Di tengah kerentanan wilayah Indonesia terhadap aktivitas tektonik, informasi keliru mengenai gempa bumi sering kali tersebar luas di tengah masyarakat.
Banyaknya klaim yang tidak berdasar, mulai dari cuaca panas sebagai penanda hingga metode penyelamatan diri yang sudah tidak relevan, menuntut kita untuk bersikap kritis.
Memahami perbedaan antara mitos dan fakta menjadi dasar bagi kesiapsiagaan bencana yang lebih baik.
Pertama, terkait klaim cuaca ekstrem, seperti suhu panas atau hujan deras, sebagai pertanda gempa. USGS, lembaga survei geologi Amerika Serikat, menegaskan bahwa tidak ada korelasi ilmiah antara kondisi cuaca di permukaan dengan pergerakan lempeng di bawah tanah.
Gempa bumi terjadi akibat pelepasan energi di kedalaman beberapa kilometer yang tidak dipengaruhi oleh fluktuasi cuaca harian yang kita rasakan.
Kedua, anggapan bahwa hewan dapat memprediksi gempa dengan akurasi tinggi. Perilaku tidak lazim pada hewan sering dikaitkan dengan kemampuan sensorik mereka yang lebih peka terhadap getaran awal, namun hal ini tidak bisa dijadikan instrumen prediksi ilmiah yang konsisten.
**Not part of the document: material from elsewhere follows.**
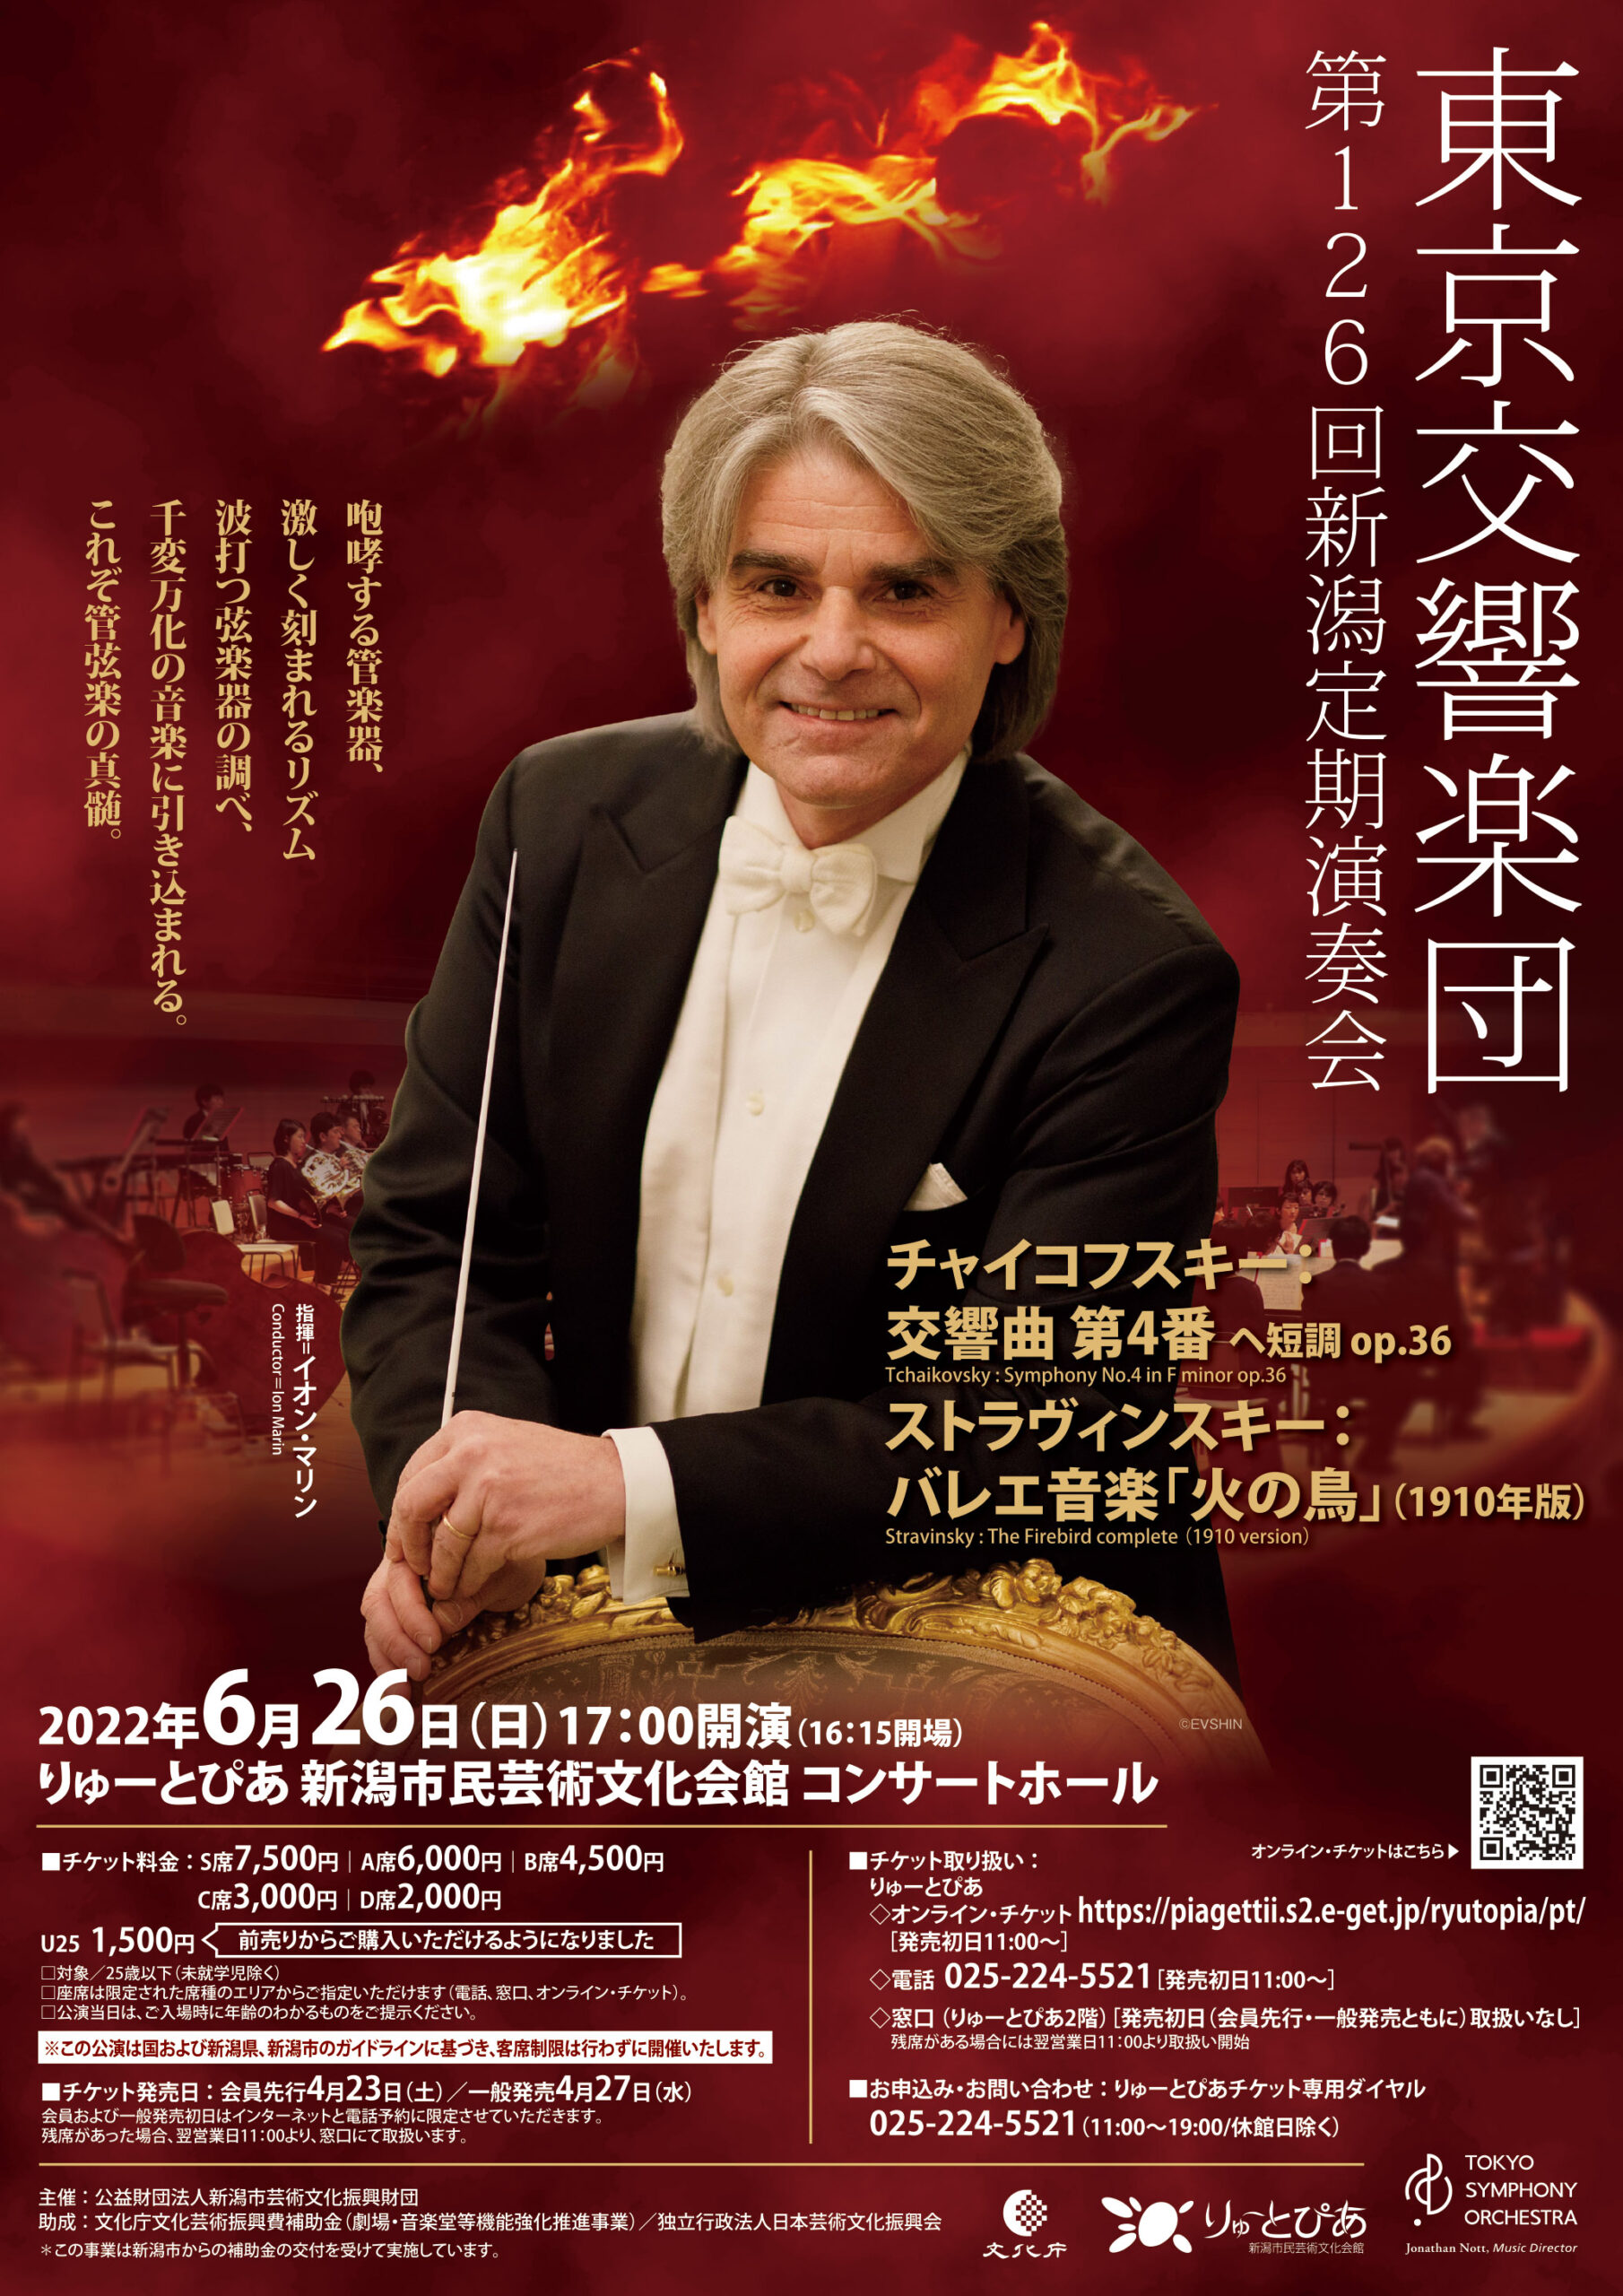 東京交響楽団 歌劇「サロメ」(演奏会形式) 2022年11月20日(日) 14:00 A席 2枚 - 興行チケット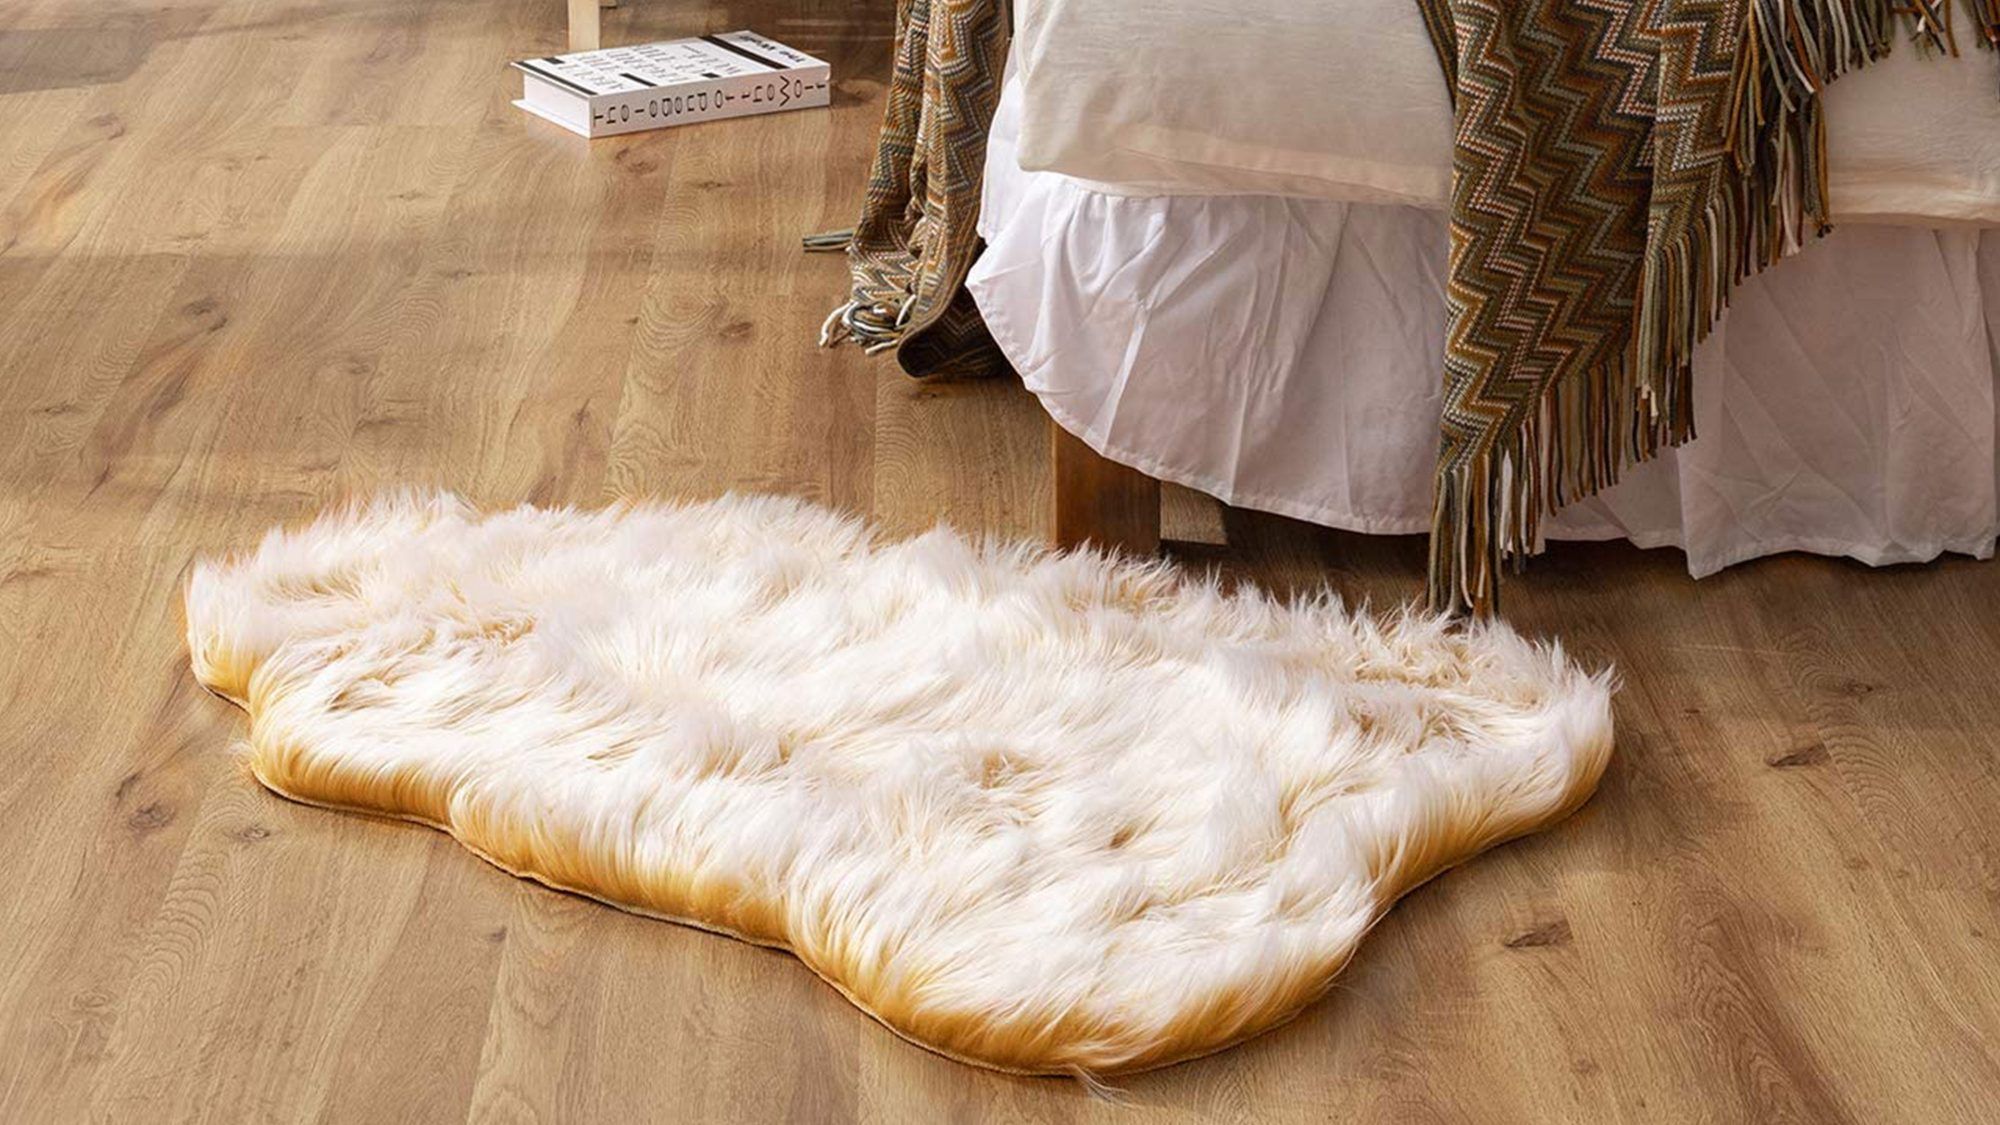 Tisuće kupaca Amazona dodaju ovaj 'luksuzni i mekani' tepih od umjetnog krzna od 20 dolara na svoju listu želja

Ketiga, kekhawatiran bahwa gempa kecil merupakan pembuka bagi bencana yang lebih besar. Meskipun para ahli dapat memetakan sejarah sesar, waktu dan besaran gempa di masa depan hingga kini belum dapat ditentukan secara pasti oleh metode apa pun.
Keempat, mengenai mitos prediksi gempa. Hingga saat ini, teknologi global belum mampu memprediksi lokasi, waktu, dan kekuatan gempa secara tepat, sehingga klaim di media sosial mengenai prediksi gempa harus disikapi dengan bijak.
Kelima, prosedur keselamatan di ambang pintu sudah ditinggalkan oleh para ahli. BMKG saat ini lebih menekankan protokol Drop, Cover, and Hold On, yakni merunduk, lindungi kepala dan leher, serta berlindung di bawah meja yang kokoh.
Keenam, berlindung di bawah meja adalah langkah yang justru disarankan untuk menghindari jatuhnya material bangunan seperti plafon atau lampu. Berlari keluar saat guncangan masih berlangsung justru meningkatkan risiko cedera akibat kejatuhan benda dari ketinggian.
Ketujuh, konsep Triangle of Life sering disalahartikan sebagai prosedur universal. Padahal, keselamatan sangat bergantung pada kondisi bangunan dan lingkungan spesifik di sekitar kita.
Terakhir, mitos bahwa wilayah yang tenang dalam waktu lama pasti akan segera diguncang gempa besar. Istilah seismic gap memang ada dalam dunia geologi, namun hal itu berfungsi sebagai indikator potensi jangka panjang, bukan kalender pasti kapan gempa akan terjadi.
Memahami poin-poin tersebut membantu masyarakat menghindari kepanikan yang tidak perlu akibat informasi menyesatkan. Fokus utama seharusnya terletak pada kesiapsiagaan mandiri dan edukasi mitigasi yang berbasis pada panduan lembaga resmi seperti BMKG.